This means avoiding doing anything that will inspire your current boss to retaliate, as well as finding a thoughtful way to make peace with the colleagues whom you're leaving behind. Here are the three major pitfalls to avoid since, hey, the world is small and people love to talk.
Don't spill the beans to your coworkers.
Look, we get it: You've spent the last several years commiserating with your workplace BFF over coffee breaks and trips to the water cooler, and you're just bursting at the seams to dish to your work pals about your new gig. This is a major mistake, as workplace gossip tends to work its way to the top.
"You'll hear stories of people texting their boss or telling their friends or colleagues before their boss," Monster careers expert Vicki Salemi said. "If you're resigning, you need to be professional and polished about it so the first person you need to tell is your boss."
That may be easier said than done, Salemi conceded — especially if you've got a Devil Wears Prada-type boss with a packed schedule. If that's the case, then phone-quitting is fine, Salemi said, especially if you follow up with a handwritten note.
Keep where you're going a secret (at least for now).
One of the striking pieces of advice Salemi had for quitting your job was to stay mum about where you're going — especially if you're going to a competitor.
"If you tell your company that you resigned and you're going to their competitor, someone in the group probably used to work there," Salemi said. "They can sabotage you before you even start."
Avoid the possibility of a career-ending game of telephone by politely deflecting when your boss or your colleague asks about your next move. "I want to stay focussed on finishing up my projects" is a a very tactful way to signal that you'd rather not talk about it.
Make a few courtesy intros because you're classy like that.
Most people understand that the "two weeks notice" is meant to make sure that you've got a little time to wrap up all your business. While you're probably pretty checked out, that doesn't excuse you from putting together a summary of your outstanding projects and briefing your boss and colleagues about where everything stands.

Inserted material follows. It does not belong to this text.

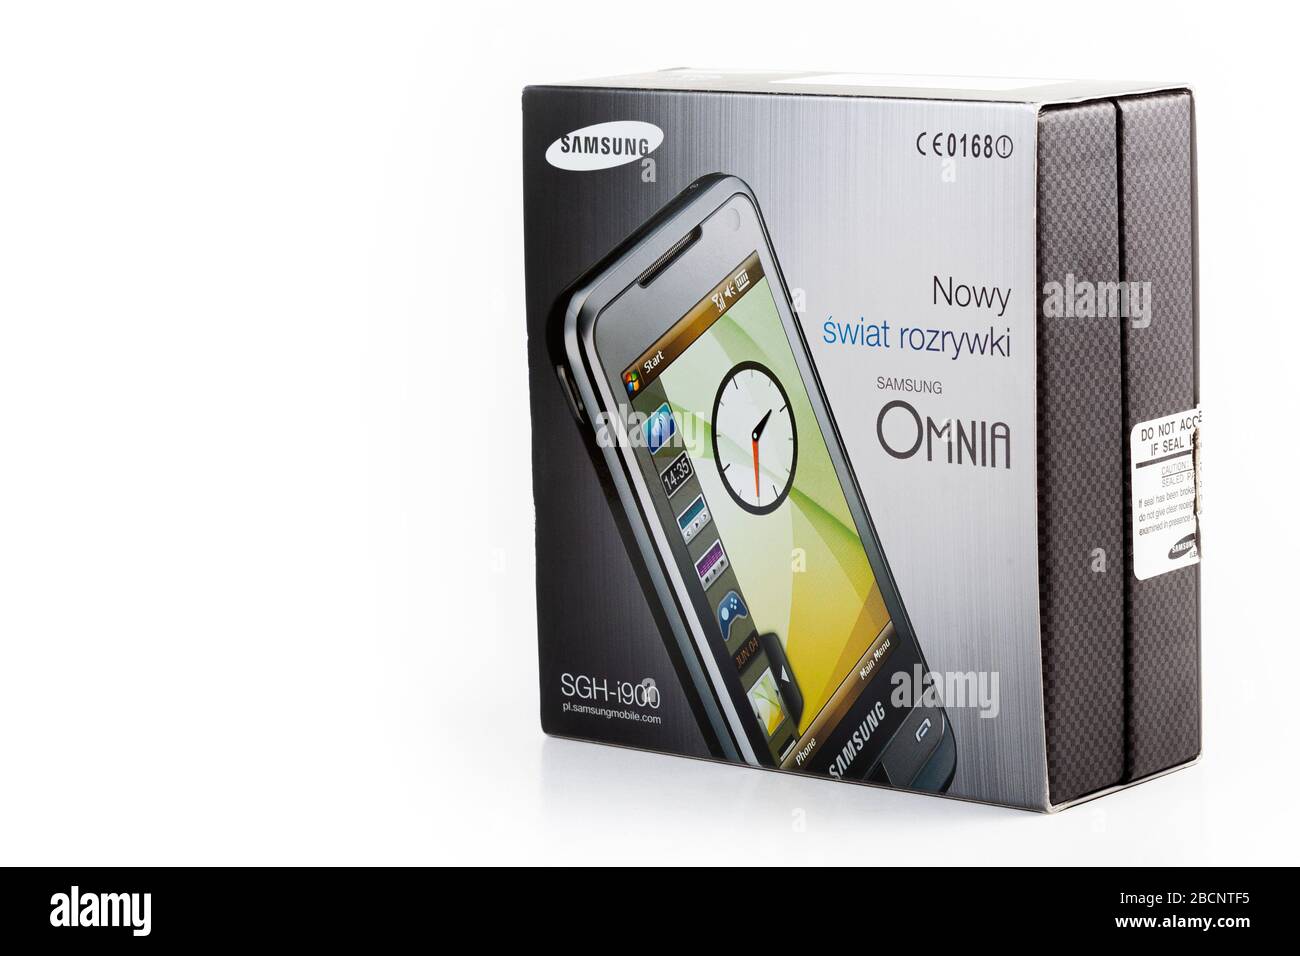 Samsung Omnia SGH-i900 ancien téléphone portable à écran tactile Windows Mobile 6 smartphone tourné isolé produit polonais original boîte de produit à partir de 2008 / 2009 Banque D'Images

Unfortunately, that's really only the bare minimum, and many eager quitters neglect to pass on institutional knowledge or connections that will create problems once you've moved on. To avoid this, Salemi recommended making a few introductions. If you're in sales, for instance, Salemi suggested arranging drinks with one of your biggest accounts. No matter how dispensable you think you are, there are probably things about your job that only you know how to do.
It's extremely hard to keep your wits about you, particularly once you think you've no longer got any skin in the game. With the obvious exception of retirees, Salemi noted, "your next job isn't going to be your last."